3 de outubro de 1836 – os farroupilhas são derrotados pelo exército imperial na Batalha do Fanfa; Bento Gonçalves e outros líderes revolucionários são presos. Bento Gonçalves é enviado para o Rio de Janeiro, onde conhece o italiano Garibaldi que adere ao movimento e muda-se para o sul.
1838 – os farroupilhas sofrem expressivas baixas e não conseguem reconquistar Porto Alegre e Rio Grande.
1839 – Giuseppi Garibaldi e Davi Canabarro conquistam as cidades catarinenses de Lages e Laguna, e proclamam a criação da “República Catarinense.” Em 15 de novembro deste mesmo ano, os farrapos são derrotados e Laguna é reconquistada pelo exército imperial.
1.º de março de 1845 – o exército imperial, liderado por Duque de Caxias e republicanos farroupilhas, assina a paz de “Ponche Verde”, colocando um fim aos conflitos.

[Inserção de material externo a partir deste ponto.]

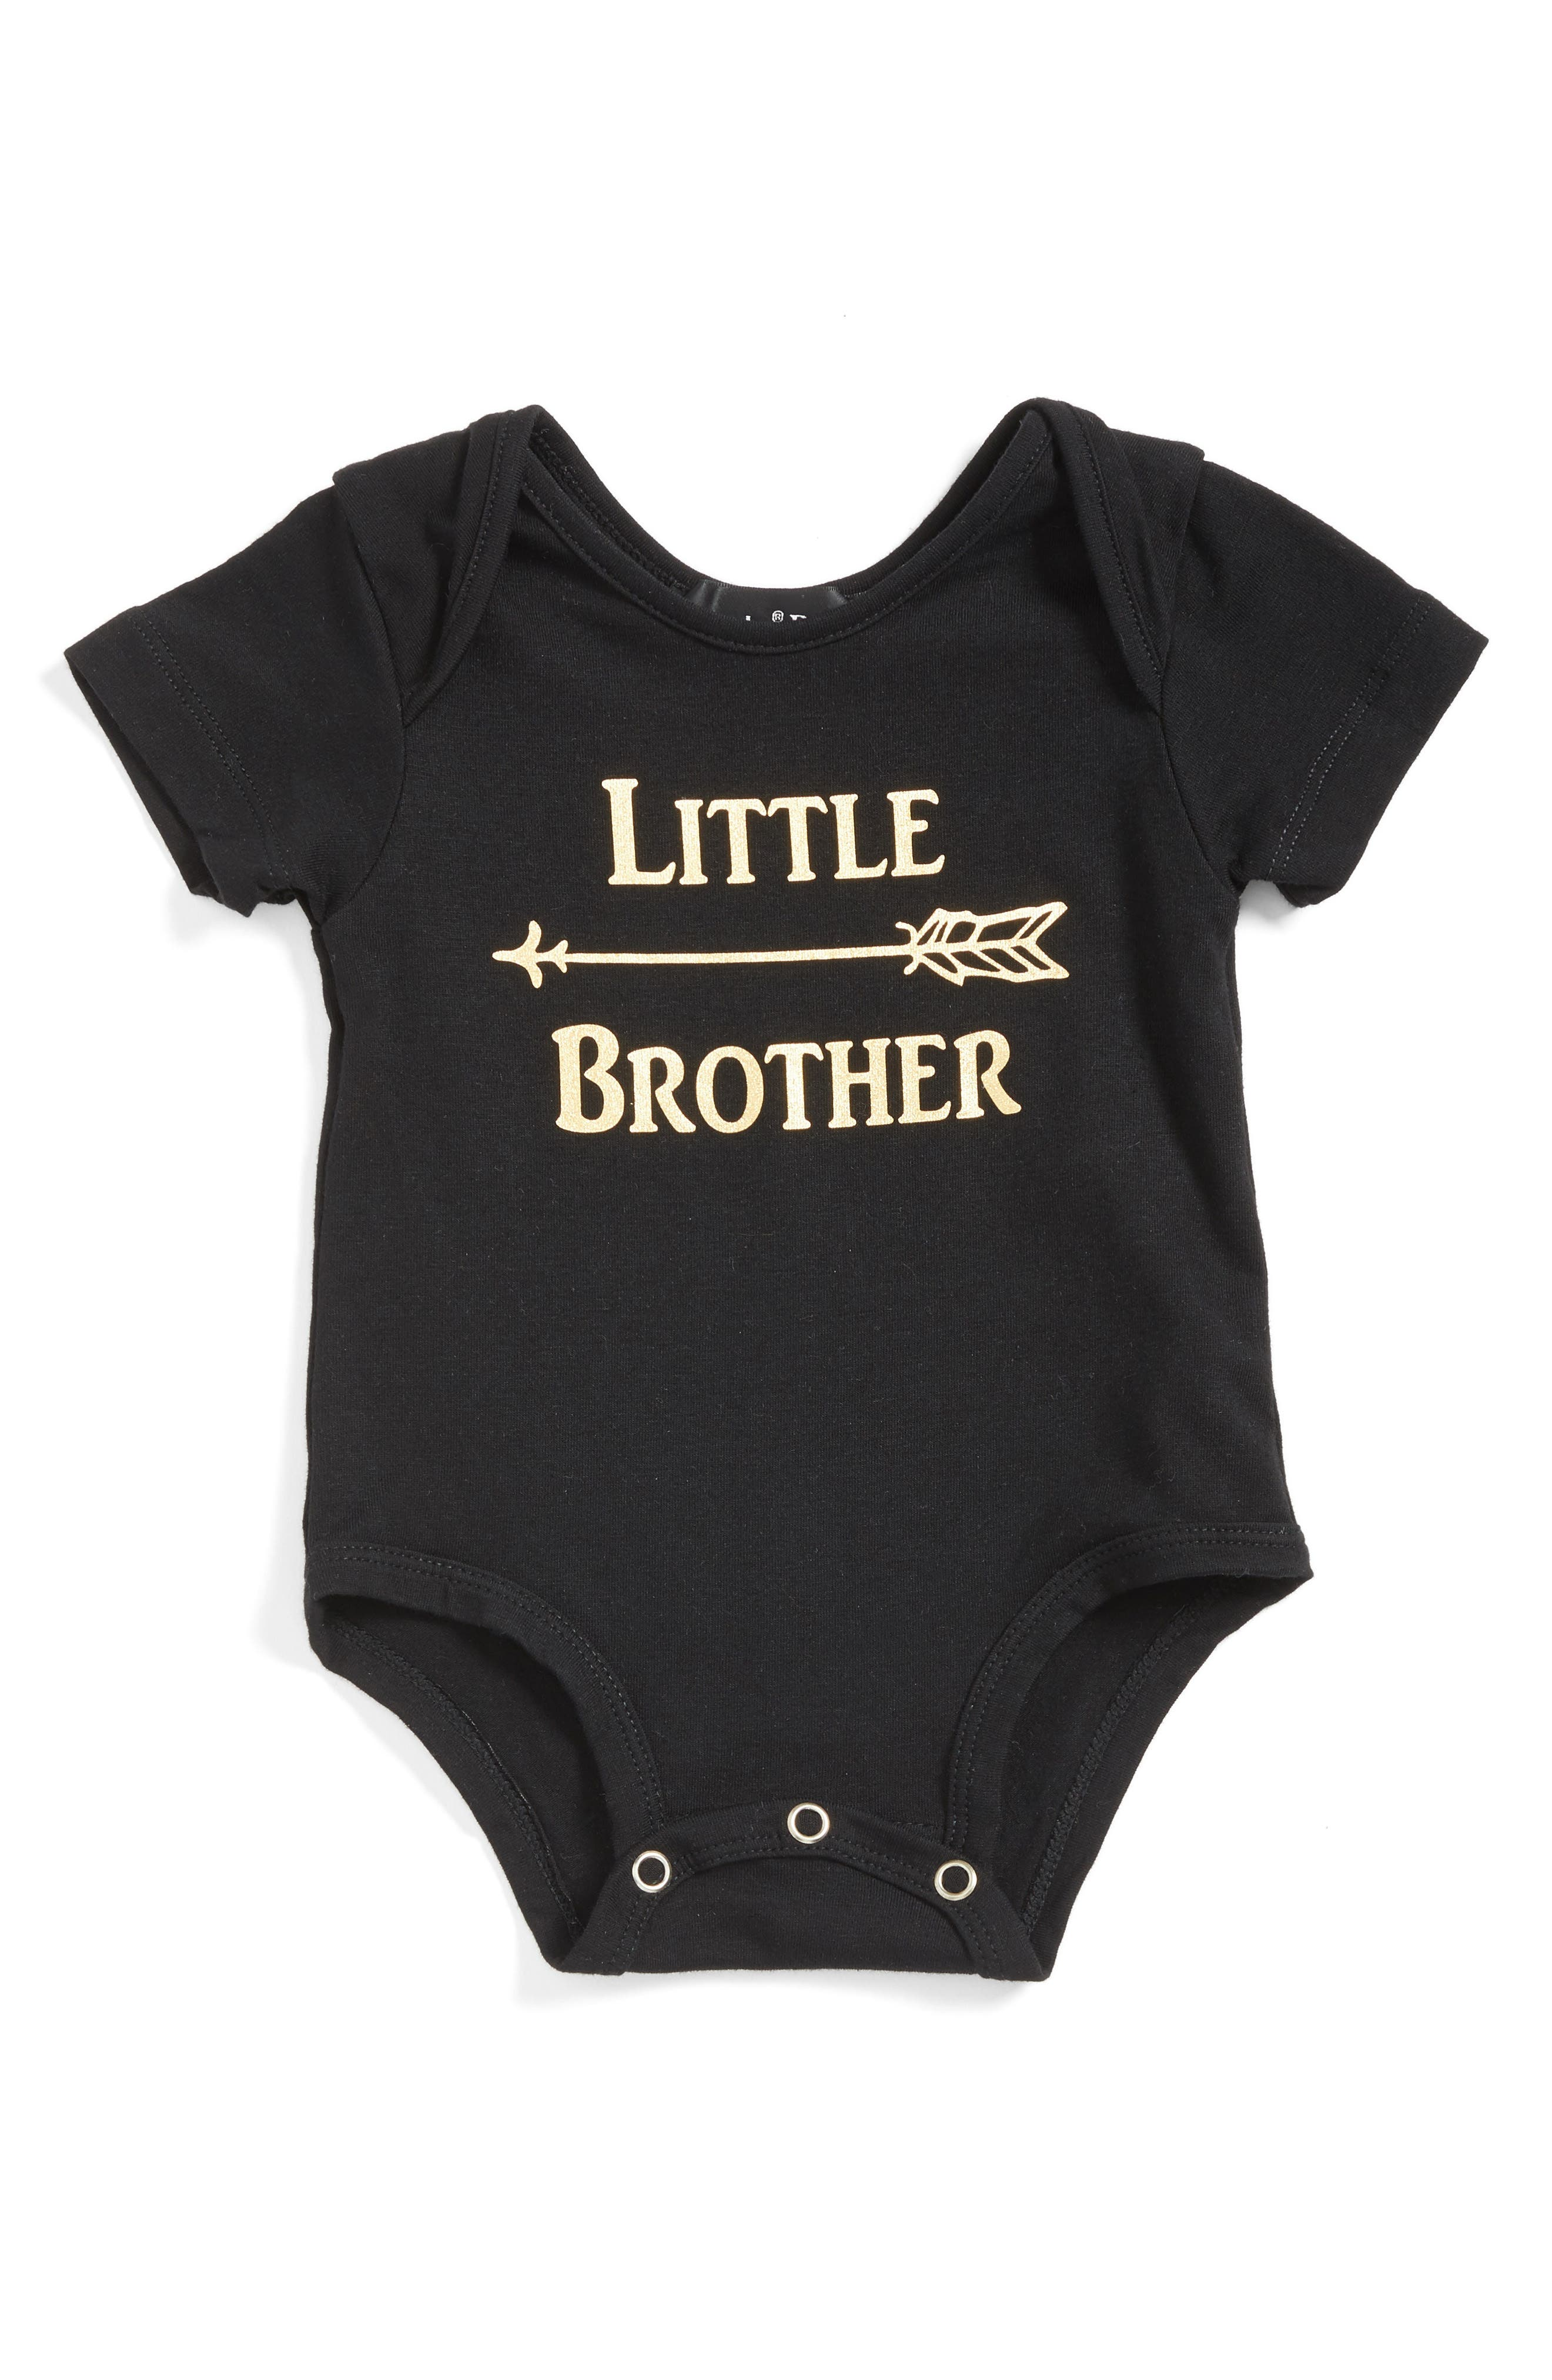 Little Brother Bodysuit,                             Main thumbnail 1, color,                             BLACK

A Participação da Maçonaria

Vários são os indícios da participação da maçonaria neste conflito, dentre os quais, cabe destacar:

• a fuga de Bento Gonçalves da prisão, em Salvador, que teria sido planejada e executada pela maçonaria;
• as gestões de Bento Gonçalves no sentido de fundar lojas maçônicas nas regiões fronteiriças por onde passava com suas tropas;
• a existência de termos maçônicos nos documentos dos revolucionários;
• a inclusão de símbolos maçônicos no brasão das armas farroupilhas.

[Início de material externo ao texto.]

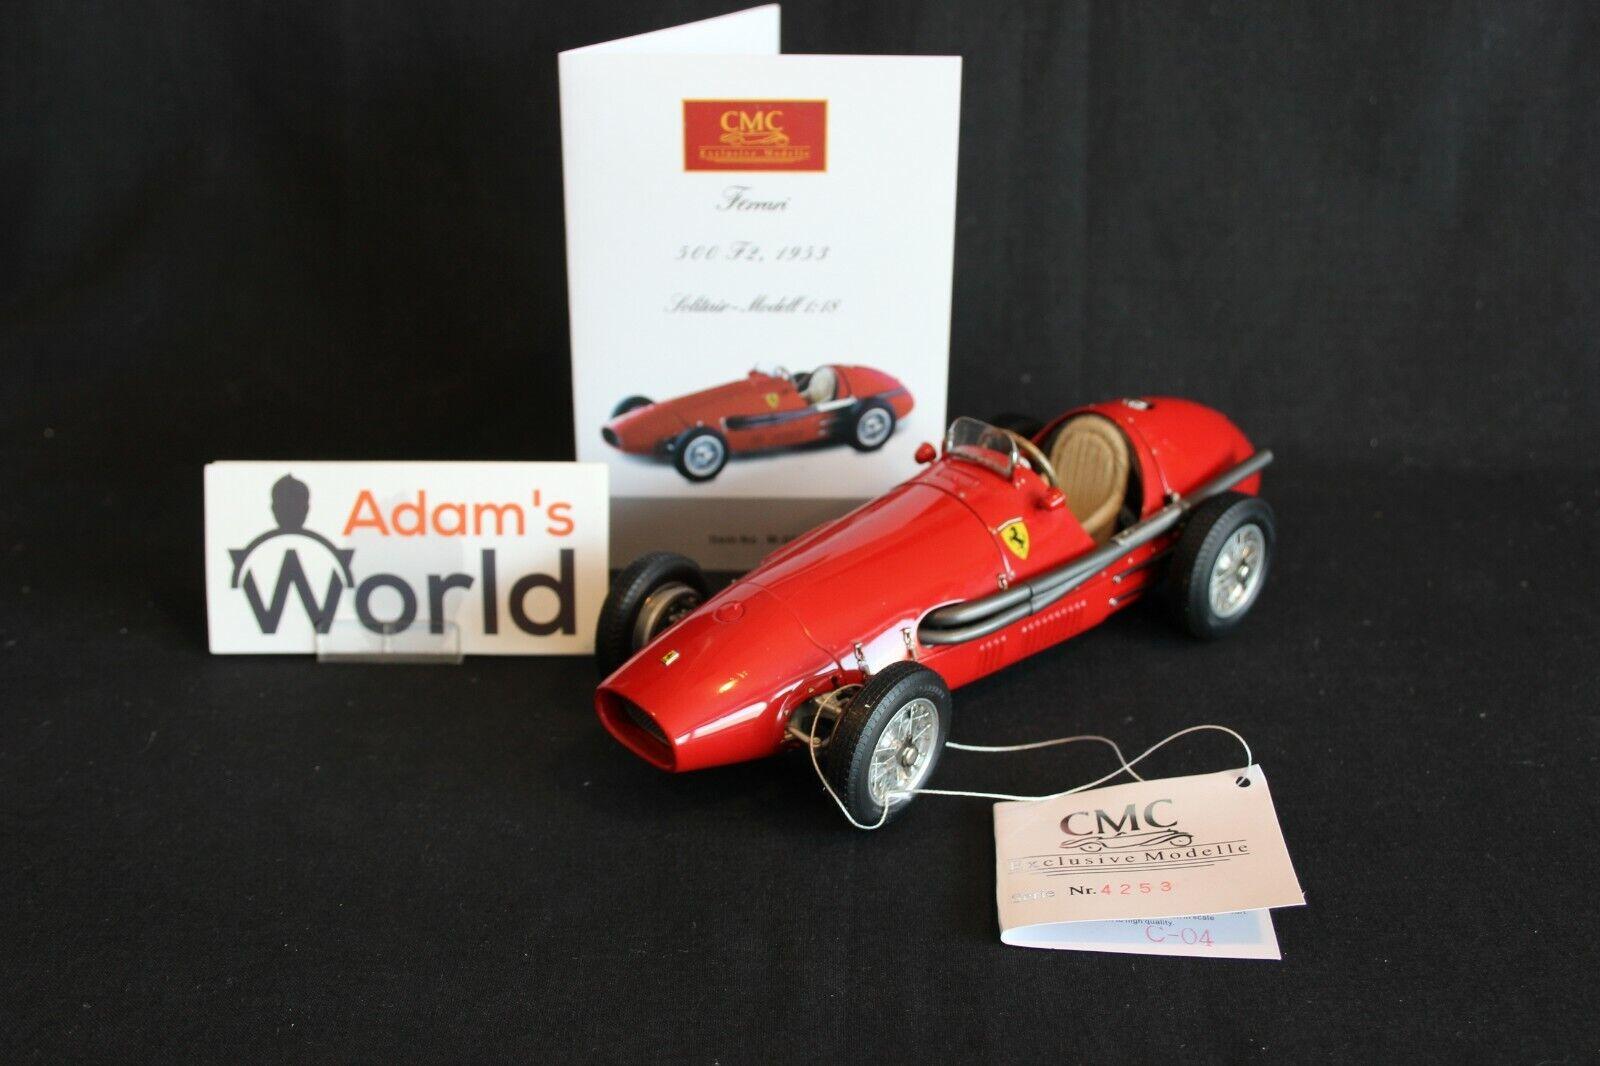 CMC Ferrari 500 F2 1953 1 18 rosso  Der Doppelweltmeister  (PJBB)

Mas é a existência de um determinado documento, em particular, que parece comprovar consistentemente a presença da maçonaria naquele conflito, além de demonstrar a importância de sua participação. Ricardo Brecher Moura, especialista em História pela Universidade Regional Integrada do Alto Uruguai e das Missões, Campus Santiago, transcreve em seu trabalho a Ata de Reunião da Loja Maçônica Philantropia e Liberdade, datada de 18/09/1835, cujos trechos mais relevantes são reproduzidos a seguir:

“Aos dezoito dias do mês de setembro de 1835 E:. V:. e 5835 V:.L:., reunidos em sua sede, sita à Rua da Igreja, n° 67, em lugar Claríssimo, Forte e Terrível aos tiranos, situado abaixo da abóbada celeste do Zenith, aos 30° sul e 5° de latitude da América Brasileira, ao Vale de Porto Alegre, Província de São Pedro do Rio Grande do Sul, nas dependências do Gabinete de Leituras onde funciona a Loj:.Mac:. Philantropia e Liberdade, com o fim de, especificamente, traçarem as metas finais para o início do movimento revolucionário com que seus integrantes pretendem resgatar os brios, os direitos e dignidade do povo Rio-grandense. A sessão foi aberta pelo Ven:. Mestre, Ir:.Bento Gonçalves da Silva.”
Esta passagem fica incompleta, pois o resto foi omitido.